**DATA BLOCK**:
+ + + + + + +

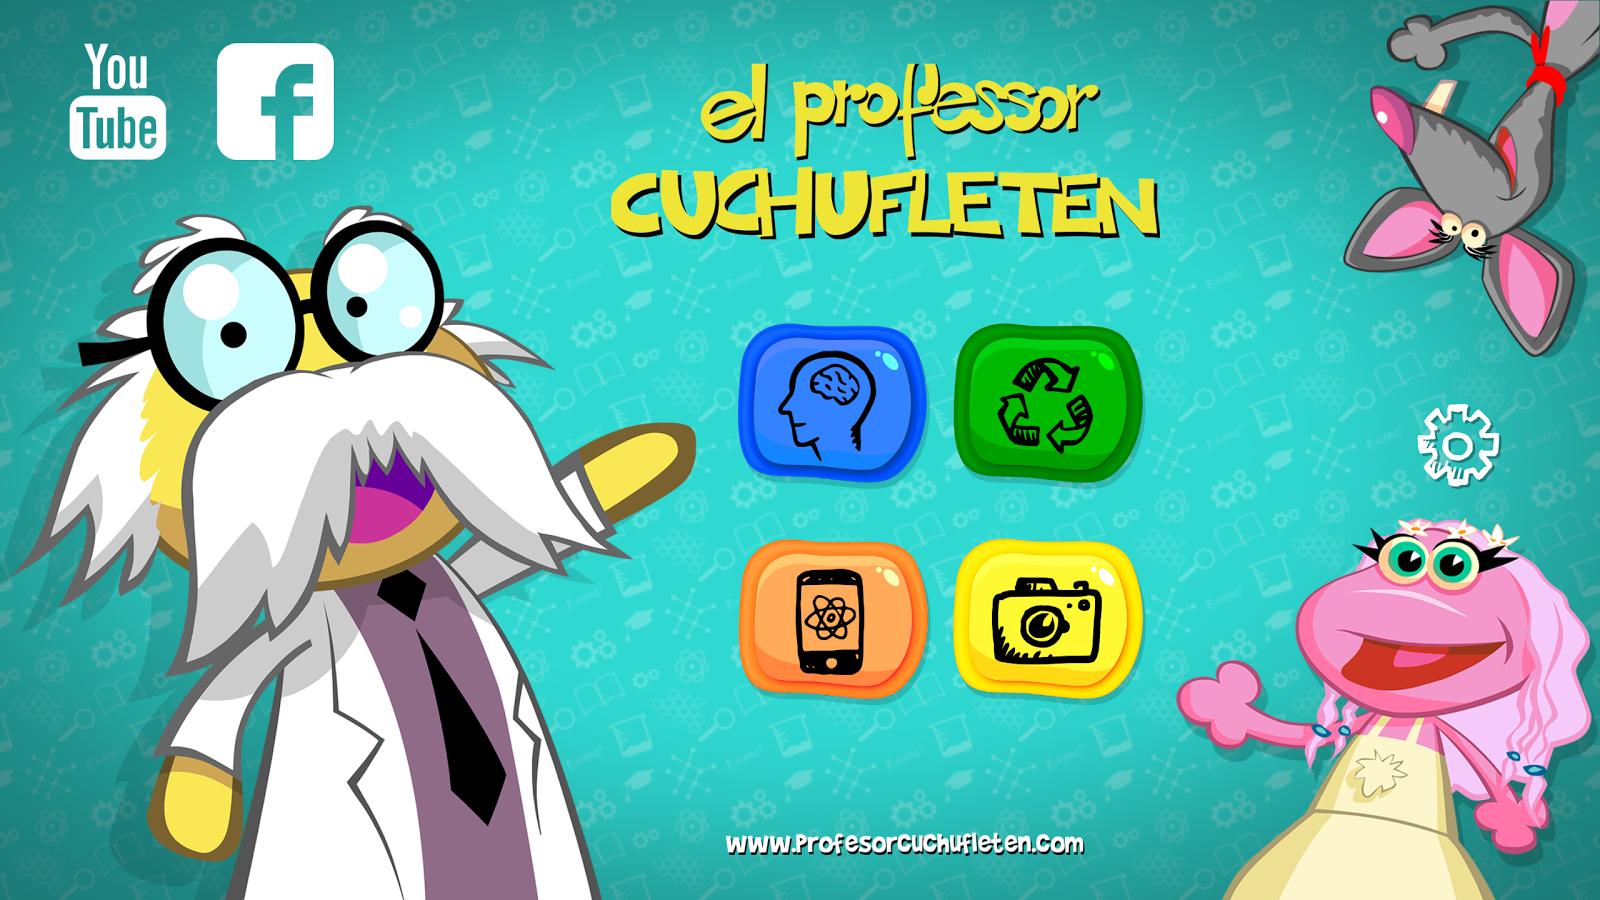 PROFESSOR CUCHUFLETEN
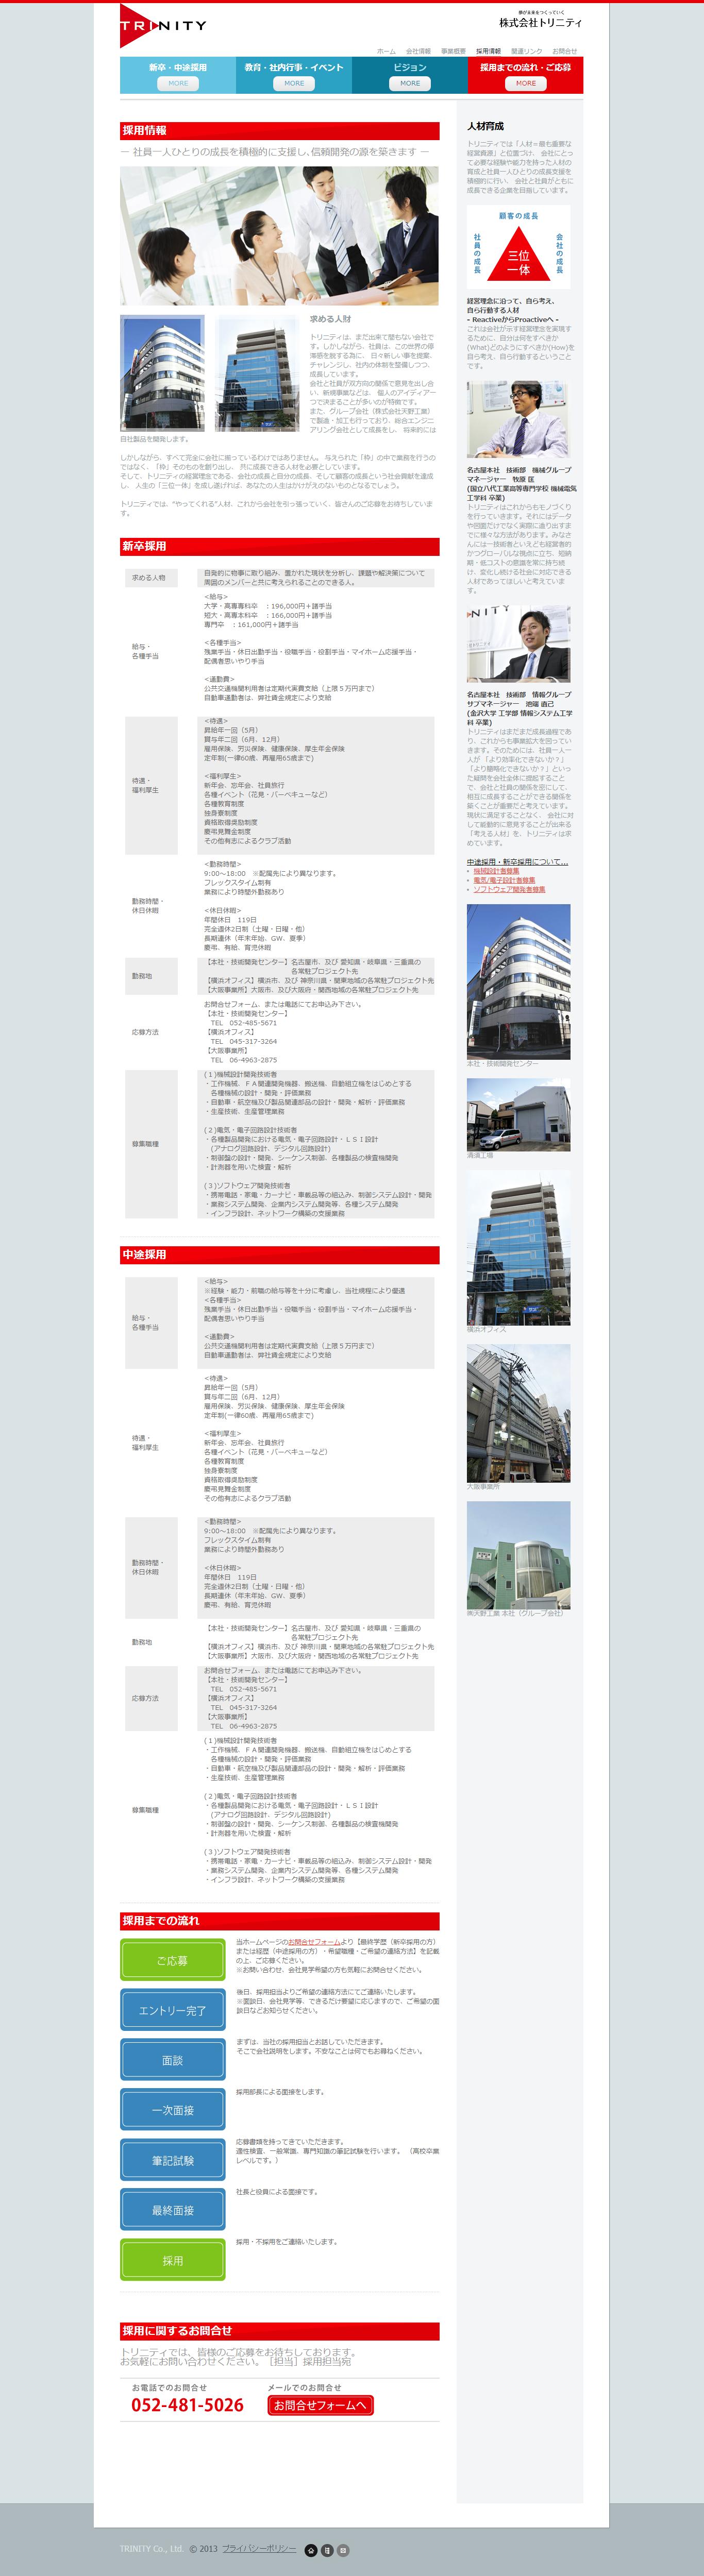 screencapture-trinitas-co-jp-career-html-1456187799019
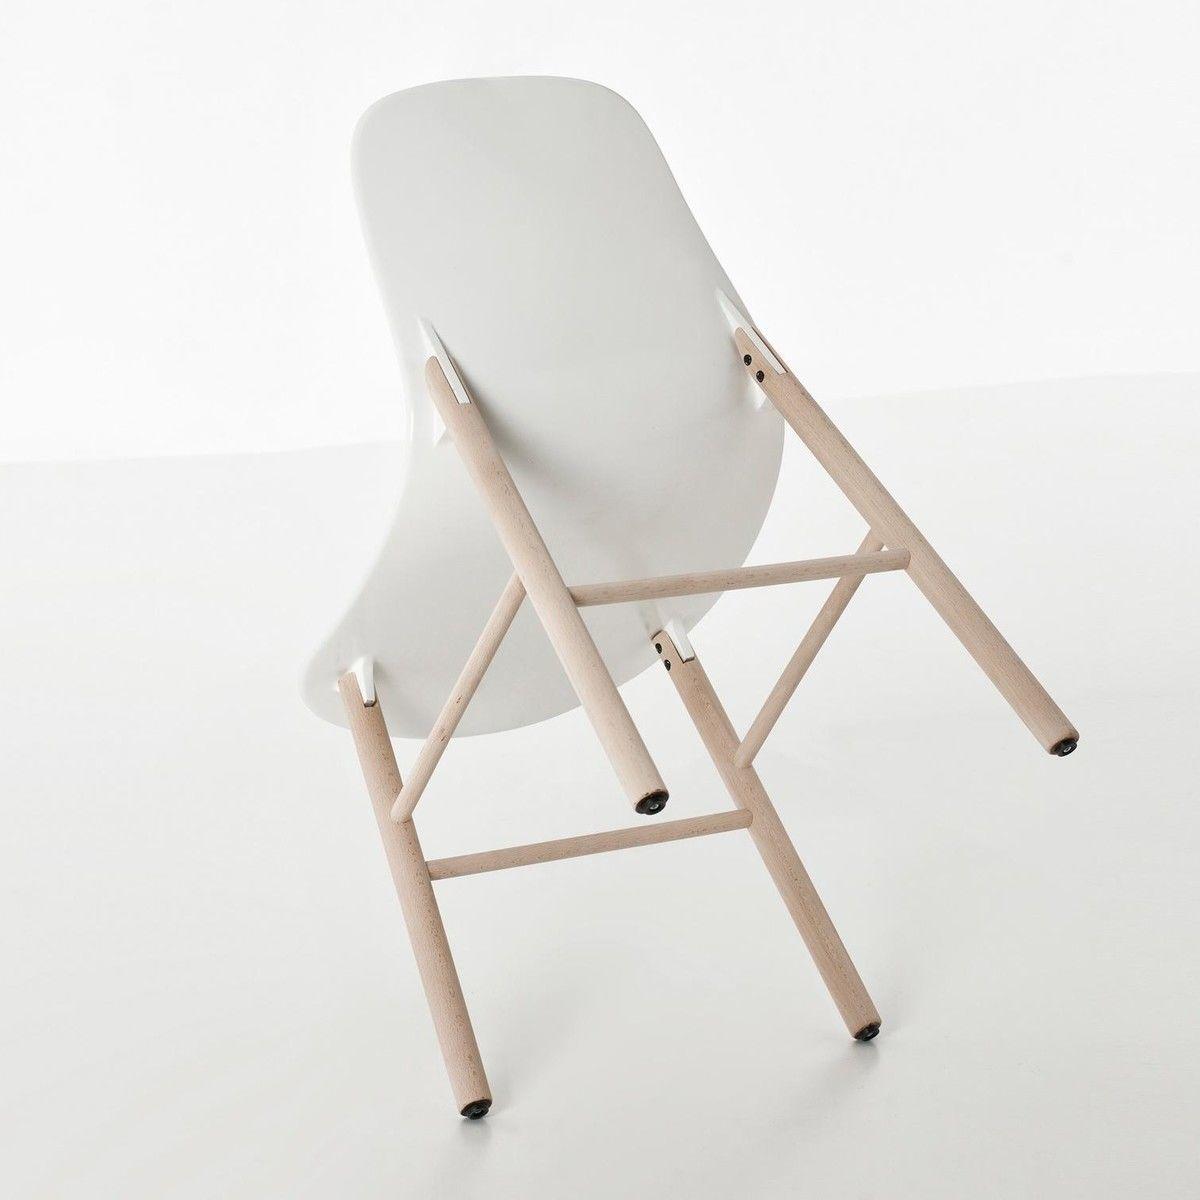 sharky stuhl kristalia. Black Bedroom Furniture Sets. Home Design Ideas

+ + + + + + +

**TASK REQUIREMENTS**: Copy out the data verbatim, excluding the pictures.

**ANSWER AREA**:
 PROFESSOR CUCHUFLETEN
 screencapture-trinitas-co-jp-career-html-1456187799019
 sharky stuhl kristalia. Black Bedroom Furniture Sets. Home Design Ideas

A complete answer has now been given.